■ Available data:
****

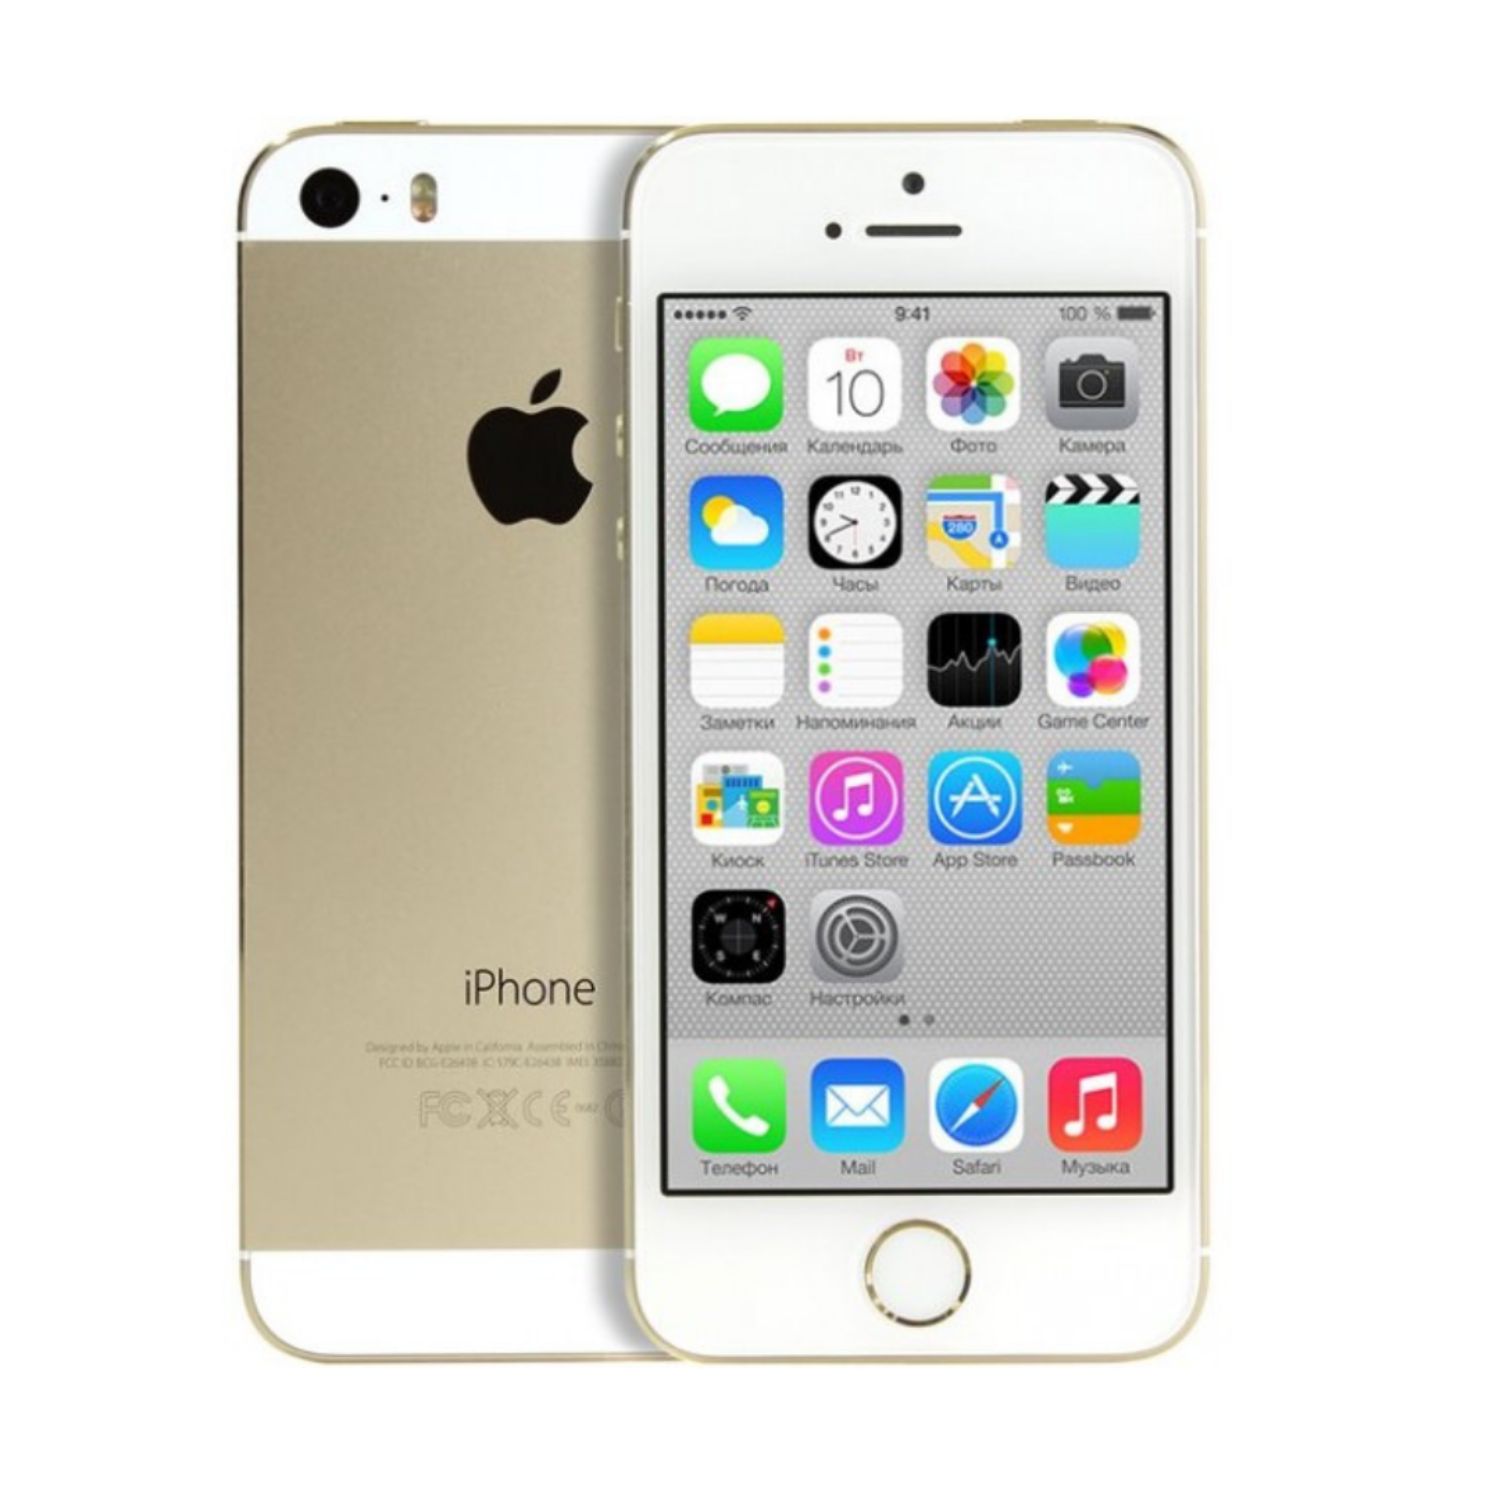 Купить айфон в уссурийске. Apple iphone 5s 32gb. Apple iphone 5s 32gb Gold. Apple iphone 5s 64gb. Apple iphone 5.
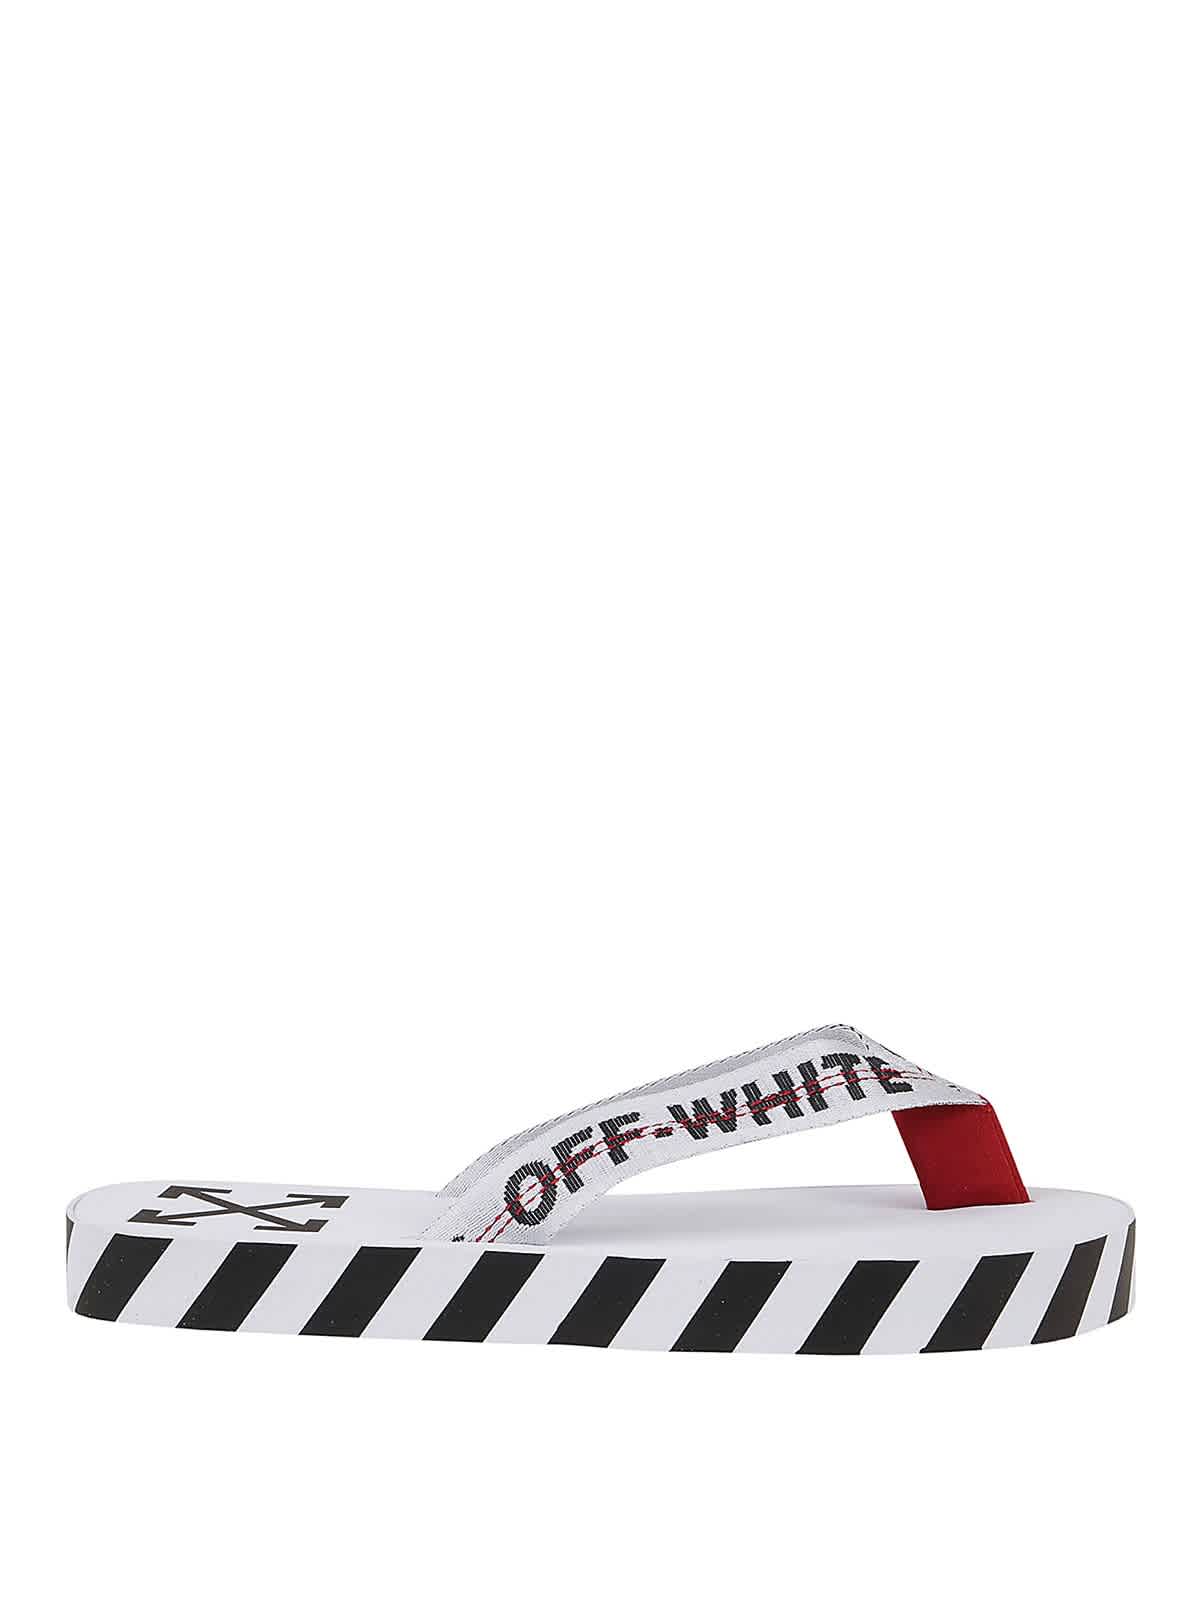 white flip flops walmart
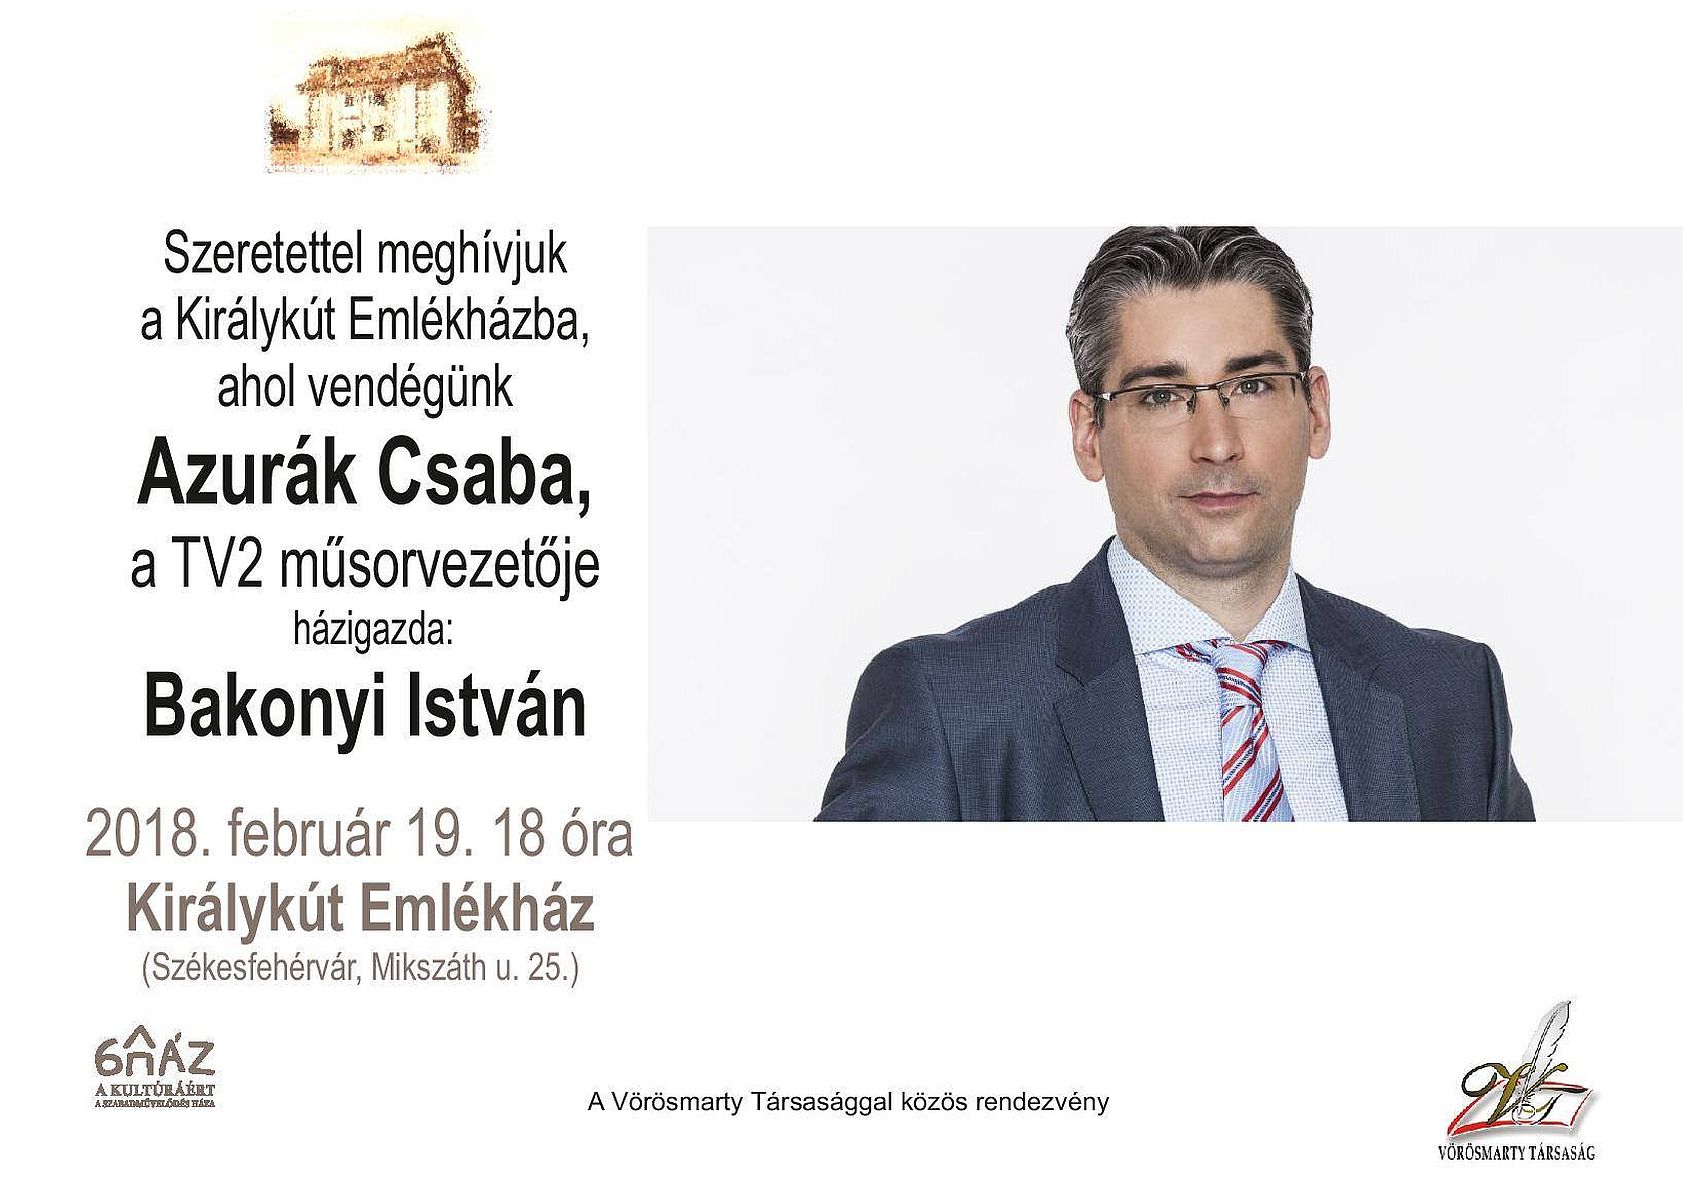 Azurák Csaba lesz a hétfő esti vendég a Királykút Emlékházban

****

■ Instructions for the task: The response consists of the data above printed line for line, with no pictures.

■ Problem solution:
 Купить айфон в уссурийске. Apple iphone 5s 32gb. Apple iphone 5s 32gb Gold. Apple iphone 5s 64gb. Apple iphone 5.
 white flip flops walmart
 Azurák Csaba lesz a hétfő esti vendég a Királykút Emlékházban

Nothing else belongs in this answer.